Abstract
A key step during viral reactivation from latency is the re-expression of viral genes. Hematopoietic progenitor cells (HPCs) support human cytomegalovirus (HCMV) latency, and their differentiation triggers cellular cues that drive reactivation. A key step during HCMV reactivation in latently infected HPCs is re-expression of viral genes. We recently determined that the major immediate early promoter (MIEP), which is primarily responsible for MIE gene expression during lytic replication, remains silent during reactivation. Instead, alternative promoters in the MIE locus are induced by reactivation stimuli. Here, we find that forkhead family (FOXO) transcription factors are critical for activation of alternative MIE promoters during HCMV reactivation, as mutating FOXO binding sites in alternative MIE promoters decreased HCMV IE gene expression upon reactivation and significantly decreased the production of infectious virus from latently infected primary CD34+ HPCs. These findings establish a mechanistic link by which infected cells sense environmental cues to regulate latency and reactivation, and emphasize the role of contextual activation of alternative MIE promoters as the primary drivers of reactivation.

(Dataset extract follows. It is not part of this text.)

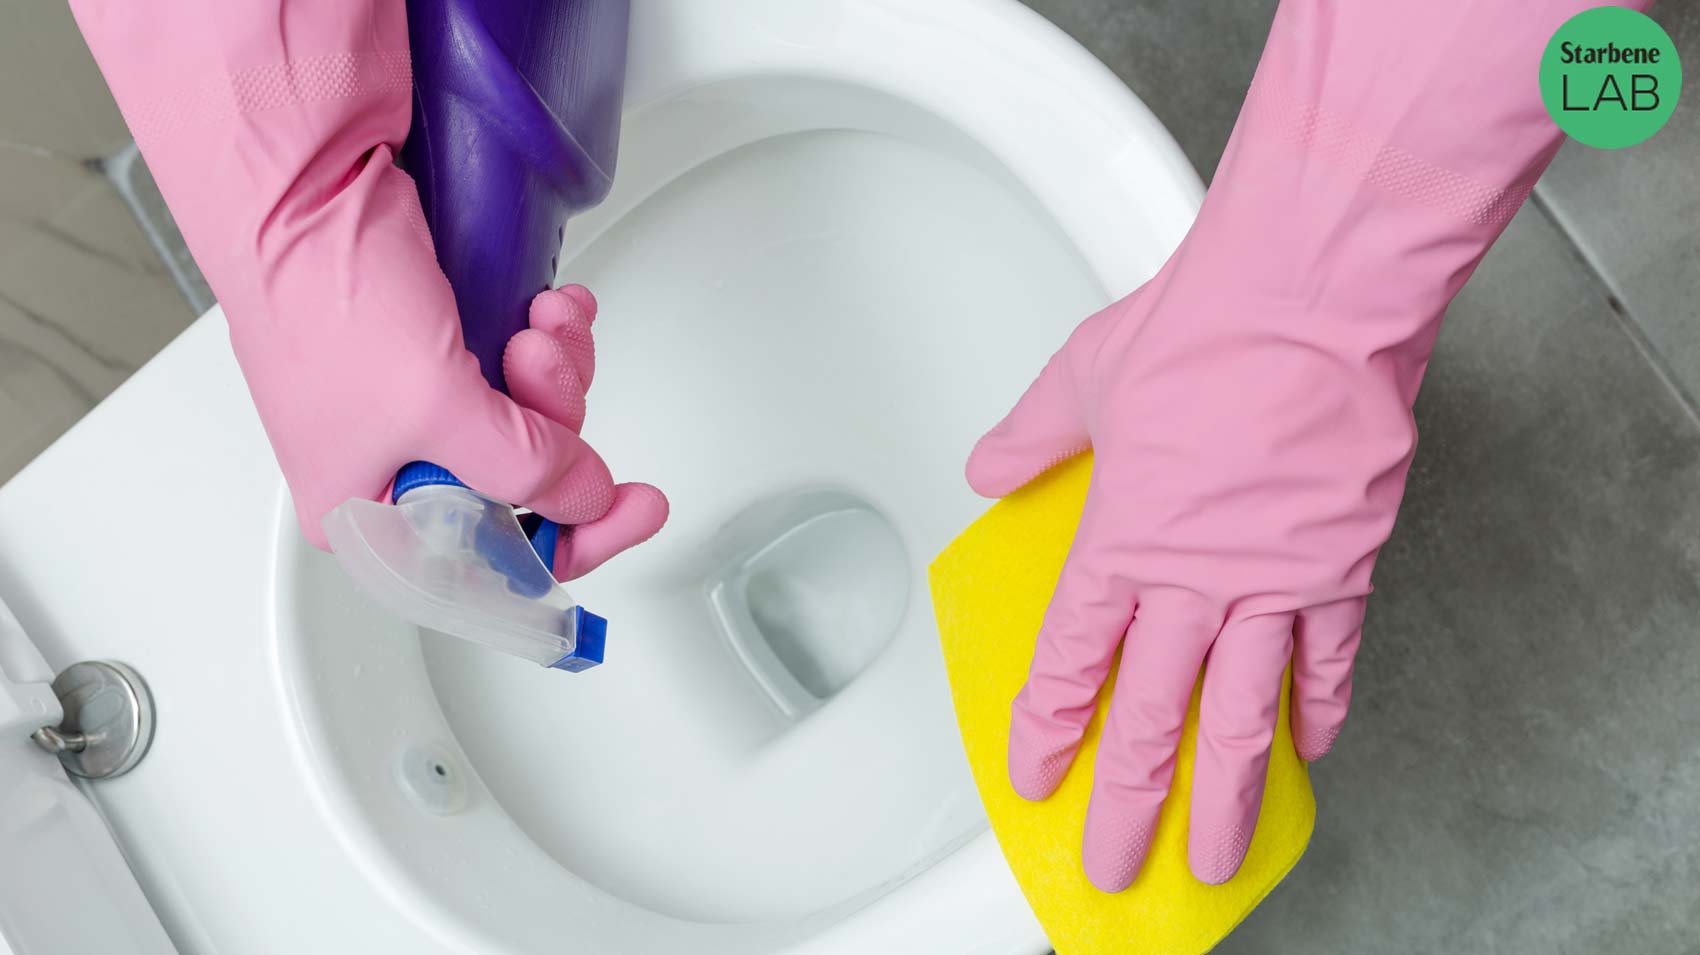 Wc Net Detergente WC Igiene Totale Gel per Sanitari e

Significance Human cytomegalovirus infection is lifelong and persistent. Periodic reactivation of cytomegalovirus poses serious disease risk for immune-compromised patients. A critical driver of reactivation is expression of viral genes from the major immediate early locus. Recent paradigm-shifting evidence shows that reactivation is driven from promoters distinct from those that drive replication in permissive cells. Understanding the contextual control of these promoters and how they specifically respond to cellular cues that drive reactivation is critical for establishing future therapies that prevent reactivation. Our findings mechanistically define a previously enigmatic relationship between differentiation and reactivation, and provide potential targets for therapeutic intervention to prevent HCMV reactivation and disease.